> What is expected: One part of the entries below is wanted: the lines from the one containing "British Airways G-ZBJB" through the one containing "sliders estudantes internacionais". Write those out exactly and nothing else.

________________________

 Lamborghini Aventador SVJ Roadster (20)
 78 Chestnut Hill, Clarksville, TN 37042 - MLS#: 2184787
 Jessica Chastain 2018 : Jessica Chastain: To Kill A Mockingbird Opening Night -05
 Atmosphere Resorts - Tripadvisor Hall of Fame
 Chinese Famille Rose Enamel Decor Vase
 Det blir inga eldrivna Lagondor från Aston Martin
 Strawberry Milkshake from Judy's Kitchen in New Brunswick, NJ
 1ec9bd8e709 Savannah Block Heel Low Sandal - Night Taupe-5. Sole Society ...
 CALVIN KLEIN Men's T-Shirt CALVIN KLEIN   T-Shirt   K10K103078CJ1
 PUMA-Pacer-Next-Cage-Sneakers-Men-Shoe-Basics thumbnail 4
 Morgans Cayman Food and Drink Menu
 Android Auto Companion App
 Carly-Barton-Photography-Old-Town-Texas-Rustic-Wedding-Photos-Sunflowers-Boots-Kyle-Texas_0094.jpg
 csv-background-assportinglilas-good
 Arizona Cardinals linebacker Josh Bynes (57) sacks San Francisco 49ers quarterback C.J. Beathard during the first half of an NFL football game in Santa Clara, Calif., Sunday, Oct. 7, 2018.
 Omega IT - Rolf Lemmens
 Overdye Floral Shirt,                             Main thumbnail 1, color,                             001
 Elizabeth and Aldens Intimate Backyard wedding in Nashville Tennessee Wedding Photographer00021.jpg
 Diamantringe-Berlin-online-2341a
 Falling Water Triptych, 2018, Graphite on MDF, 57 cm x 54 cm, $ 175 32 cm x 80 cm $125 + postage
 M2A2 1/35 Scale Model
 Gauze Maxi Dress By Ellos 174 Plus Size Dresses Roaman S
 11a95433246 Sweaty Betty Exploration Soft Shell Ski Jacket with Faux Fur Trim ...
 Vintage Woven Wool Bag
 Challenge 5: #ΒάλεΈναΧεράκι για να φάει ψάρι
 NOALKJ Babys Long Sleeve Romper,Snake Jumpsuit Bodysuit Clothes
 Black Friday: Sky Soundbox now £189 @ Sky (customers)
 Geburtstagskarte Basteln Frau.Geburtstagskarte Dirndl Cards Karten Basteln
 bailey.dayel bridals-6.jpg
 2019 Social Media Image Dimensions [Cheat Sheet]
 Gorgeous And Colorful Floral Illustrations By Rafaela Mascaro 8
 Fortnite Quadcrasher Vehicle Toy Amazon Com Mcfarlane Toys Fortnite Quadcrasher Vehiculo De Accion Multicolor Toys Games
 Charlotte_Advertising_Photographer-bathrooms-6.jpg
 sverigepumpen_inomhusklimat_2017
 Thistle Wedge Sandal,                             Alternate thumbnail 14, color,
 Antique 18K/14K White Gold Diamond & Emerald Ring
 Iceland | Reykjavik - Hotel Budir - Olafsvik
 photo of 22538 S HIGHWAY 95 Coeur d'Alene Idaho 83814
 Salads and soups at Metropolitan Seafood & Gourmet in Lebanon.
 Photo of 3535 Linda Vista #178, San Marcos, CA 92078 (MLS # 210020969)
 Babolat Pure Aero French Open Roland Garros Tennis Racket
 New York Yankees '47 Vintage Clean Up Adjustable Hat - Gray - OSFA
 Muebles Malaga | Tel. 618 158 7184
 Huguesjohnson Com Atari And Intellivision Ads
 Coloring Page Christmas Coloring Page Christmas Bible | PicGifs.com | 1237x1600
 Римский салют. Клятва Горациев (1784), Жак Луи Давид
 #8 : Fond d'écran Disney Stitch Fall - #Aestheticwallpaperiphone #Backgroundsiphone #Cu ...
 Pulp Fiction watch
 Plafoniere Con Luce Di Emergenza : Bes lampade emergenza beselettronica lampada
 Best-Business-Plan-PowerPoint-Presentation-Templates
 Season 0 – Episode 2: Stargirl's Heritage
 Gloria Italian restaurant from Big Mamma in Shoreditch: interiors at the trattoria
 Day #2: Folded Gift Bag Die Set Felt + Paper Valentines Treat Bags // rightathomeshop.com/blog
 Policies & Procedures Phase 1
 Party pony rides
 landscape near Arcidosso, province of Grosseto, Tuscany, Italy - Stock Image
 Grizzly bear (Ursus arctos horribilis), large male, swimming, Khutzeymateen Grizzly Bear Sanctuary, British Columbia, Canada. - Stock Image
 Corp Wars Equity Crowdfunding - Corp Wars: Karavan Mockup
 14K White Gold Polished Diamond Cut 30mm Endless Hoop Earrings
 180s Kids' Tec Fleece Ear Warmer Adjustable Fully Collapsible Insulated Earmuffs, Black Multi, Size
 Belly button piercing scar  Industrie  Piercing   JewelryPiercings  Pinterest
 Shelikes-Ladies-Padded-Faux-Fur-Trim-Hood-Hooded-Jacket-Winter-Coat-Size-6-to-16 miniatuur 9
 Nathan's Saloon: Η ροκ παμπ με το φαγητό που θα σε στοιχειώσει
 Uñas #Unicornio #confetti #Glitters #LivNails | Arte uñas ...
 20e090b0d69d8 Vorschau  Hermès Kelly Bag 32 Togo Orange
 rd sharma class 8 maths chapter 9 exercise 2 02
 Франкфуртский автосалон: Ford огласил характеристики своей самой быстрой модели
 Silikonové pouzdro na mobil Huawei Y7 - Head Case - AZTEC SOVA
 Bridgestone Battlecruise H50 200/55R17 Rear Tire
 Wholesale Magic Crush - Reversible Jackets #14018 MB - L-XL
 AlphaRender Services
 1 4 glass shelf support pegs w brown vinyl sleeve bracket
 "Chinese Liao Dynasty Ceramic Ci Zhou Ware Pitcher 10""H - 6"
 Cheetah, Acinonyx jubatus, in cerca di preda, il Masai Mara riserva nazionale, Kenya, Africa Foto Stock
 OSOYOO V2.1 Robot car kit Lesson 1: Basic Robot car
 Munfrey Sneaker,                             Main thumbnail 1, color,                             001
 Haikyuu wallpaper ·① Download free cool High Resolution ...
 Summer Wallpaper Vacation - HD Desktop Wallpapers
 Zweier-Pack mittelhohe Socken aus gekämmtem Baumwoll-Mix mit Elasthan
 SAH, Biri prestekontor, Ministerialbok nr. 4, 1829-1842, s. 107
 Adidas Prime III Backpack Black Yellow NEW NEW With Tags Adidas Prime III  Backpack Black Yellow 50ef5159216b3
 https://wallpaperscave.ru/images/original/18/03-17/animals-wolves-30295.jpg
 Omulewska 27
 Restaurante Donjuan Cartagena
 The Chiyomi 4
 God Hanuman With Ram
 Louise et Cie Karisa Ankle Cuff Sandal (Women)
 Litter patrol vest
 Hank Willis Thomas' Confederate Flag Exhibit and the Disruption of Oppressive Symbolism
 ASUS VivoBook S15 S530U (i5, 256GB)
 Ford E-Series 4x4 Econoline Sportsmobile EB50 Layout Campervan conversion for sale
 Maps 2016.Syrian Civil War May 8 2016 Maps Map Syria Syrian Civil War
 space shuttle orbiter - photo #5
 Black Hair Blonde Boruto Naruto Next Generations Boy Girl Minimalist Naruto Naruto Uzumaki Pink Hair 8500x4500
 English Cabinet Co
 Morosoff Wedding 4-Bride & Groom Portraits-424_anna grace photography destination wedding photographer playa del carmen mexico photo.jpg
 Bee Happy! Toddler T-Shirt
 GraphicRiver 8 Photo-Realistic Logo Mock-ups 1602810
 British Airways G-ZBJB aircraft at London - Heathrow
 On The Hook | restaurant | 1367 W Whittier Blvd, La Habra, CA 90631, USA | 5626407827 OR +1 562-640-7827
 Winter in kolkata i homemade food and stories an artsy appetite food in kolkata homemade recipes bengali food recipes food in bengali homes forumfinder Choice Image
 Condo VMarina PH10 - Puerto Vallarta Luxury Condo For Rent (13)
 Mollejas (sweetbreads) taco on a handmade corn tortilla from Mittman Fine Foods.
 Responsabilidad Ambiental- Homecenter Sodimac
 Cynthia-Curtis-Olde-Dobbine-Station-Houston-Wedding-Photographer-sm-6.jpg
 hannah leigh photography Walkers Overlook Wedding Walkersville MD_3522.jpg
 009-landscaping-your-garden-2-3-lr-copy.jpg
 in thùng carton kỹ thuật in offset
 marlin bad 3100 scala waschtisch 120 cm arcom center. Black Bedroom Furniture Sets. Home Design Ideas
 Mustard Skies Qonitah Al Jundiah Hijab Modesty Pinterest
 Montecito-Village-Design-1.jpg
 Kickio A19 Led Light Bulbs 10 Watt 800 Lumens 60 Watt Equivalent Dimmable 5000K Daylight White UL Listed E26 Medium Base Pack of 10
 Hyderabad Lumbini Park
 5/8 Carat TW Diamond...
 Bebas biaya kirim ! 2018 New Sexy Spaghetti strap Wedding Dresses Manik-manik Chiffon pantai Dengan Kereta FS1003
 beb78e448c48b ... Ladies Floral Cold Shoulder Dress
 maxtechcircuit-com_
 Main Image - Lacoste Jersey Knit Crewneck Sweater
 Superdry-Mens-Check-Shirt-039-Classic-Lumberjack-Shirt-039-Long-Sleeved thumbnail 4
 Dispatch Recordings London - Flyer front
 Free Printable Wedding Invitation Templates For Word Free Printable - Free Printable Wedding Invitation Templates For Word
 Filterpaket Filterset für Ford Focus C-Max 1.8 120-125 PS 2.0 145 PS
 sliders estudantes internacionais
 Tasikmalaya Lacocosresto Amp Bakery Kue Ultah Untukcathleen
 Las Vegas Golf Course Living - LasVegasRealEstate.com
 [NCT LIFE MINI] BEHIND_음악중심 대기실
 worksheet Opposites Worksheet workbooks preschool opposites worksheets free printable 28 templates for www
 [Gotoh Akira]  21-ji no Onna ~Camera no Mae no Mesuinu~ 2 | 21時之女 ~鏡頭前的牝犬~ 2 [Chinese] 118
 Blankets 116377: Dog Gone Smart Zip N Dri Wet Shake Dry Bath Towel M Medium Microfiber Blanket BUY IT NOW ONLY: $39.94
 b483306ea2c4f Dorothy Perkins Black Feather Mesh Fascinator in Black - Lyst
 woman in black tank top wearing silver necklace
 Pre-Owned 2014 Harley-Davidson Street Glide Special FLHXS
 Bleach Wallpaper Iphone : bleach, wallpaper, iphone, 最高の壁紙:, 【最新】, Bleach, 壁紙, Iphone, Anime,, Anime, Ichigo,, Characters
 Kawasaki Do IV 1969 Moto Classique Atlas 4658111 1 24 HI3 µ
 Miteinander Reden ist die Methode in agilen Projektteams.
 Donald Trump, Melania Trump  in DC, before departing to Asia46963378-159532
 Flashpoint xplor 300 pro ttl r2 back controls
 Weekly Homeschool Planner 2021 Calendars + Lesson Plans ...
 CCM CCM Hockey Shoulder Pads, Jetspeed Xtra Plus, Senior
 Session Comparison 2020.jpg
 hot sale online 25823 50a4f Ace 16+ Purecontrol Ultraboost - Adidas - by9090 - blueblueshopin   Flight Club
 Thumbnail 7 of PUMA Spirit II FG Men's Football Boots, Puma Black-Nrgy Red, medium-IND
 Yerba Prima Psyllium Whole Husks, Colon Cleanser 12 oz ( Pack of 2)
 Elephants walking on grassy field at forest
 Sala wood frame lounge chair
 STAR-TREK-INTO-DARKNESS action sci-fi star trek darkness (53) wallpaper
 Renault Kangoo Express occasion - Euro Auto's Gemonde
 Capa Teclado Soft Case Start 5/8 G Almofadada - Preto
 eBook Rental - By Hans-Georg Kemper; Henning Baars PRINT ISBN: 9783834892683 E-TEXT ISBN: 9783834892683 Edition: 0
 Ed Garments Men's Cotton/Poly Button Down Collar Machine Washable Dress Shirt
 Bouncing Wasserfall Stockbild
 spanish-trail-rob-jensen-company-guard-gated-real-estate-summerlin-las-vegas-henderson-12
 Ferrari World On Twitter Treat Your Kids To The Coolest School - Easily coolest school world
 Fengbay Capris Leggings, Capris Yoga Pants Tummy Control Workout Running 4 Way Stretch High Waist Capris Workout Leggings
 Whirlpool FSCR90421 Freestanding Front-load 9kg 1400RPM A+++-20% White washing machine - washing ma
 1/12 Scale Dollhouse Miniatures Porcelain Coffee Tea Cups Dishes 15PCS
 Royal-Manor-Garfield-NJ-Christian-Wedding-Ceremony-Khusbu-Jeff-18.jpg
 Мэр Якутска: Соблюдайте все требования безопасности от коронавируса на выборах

________________________

> Task result:
 British Airways G-ZBJB aircraft at London - Heathrow
 On The Hook | restaurant | 1367 W Whittier Blvd, La Habra, CA 90631, USA | 5626407827 OR +1 562-640-7827
 Winter in kolkata i homemade food and stories an artsy appetite food in kolkata homemade recipes bengali food recipes food in bengali homes forumfinder Choice Image
 Condo VMarina PH10 - Puerto Vallarta Luxury Condo For Rent (13)
 Mollejas (sweetbreads) taco on a handmade corn tortilla from Mittman Fine Foods.
 Responsabilidad Ambiental- Homecenter Sodimac
 Cynthia-Curtis-Olde-Dobbine-Station-Houston-Wedding-Photographer-sm-6.jpg
 hannah leigh photography Walkers Overlook Wedding Walkersville MD_3522.jpg
 009-landscaping-your-garden-2-3-lr-copy.jpg
 in thùng carton kỹ thuật in offset
 marlin bad 3100 scala waschtisch 120 cm arcom center. Black Bedroom Furniture Sets. Home Design Ideas
 Mustard Skies Qonitah Al Jundiah Hijab Modesty Pinterest
 Montecito-Village-Design-1.jpg
 Kickio A19 Led Light Bulbs 10 Watt 800 Lumens 60 Watt Equivalent Dimmable 5000K Daylight White UL Listed E26 Medium Base Pack of 10
 Hyderabad Lumbini Park
 5/8 Carat TW Diamond...
 Bebas biaya kirim ! 2018 New Sexy Spaghetti strap Wedding Dresses Manik-manik Chiffon pantai Dengan Kereta FS1003
 beb78e448c48b ... Ladies Floral Cold Shoulder Dress
 maxtechcircuit-com_
 Main Image - Lacoste Jersey Knit Crewneck Sweater
 Superdry-Mens-Check-Shirt-039-Classic-Lumberjack-Shirt-039-Long-Sleeved thumbnail 4
 Dispatch Recordings London - Flyer front
 Free Printable Wedding Invitation Templates For Word Free Printable - Free Printable Wedding Invitation Templates For Word
 Filterpaket Filterset für Ford Focus C-Max 1.8 120-125 PS 2.0 145 PS
 sliders estudantes internacionais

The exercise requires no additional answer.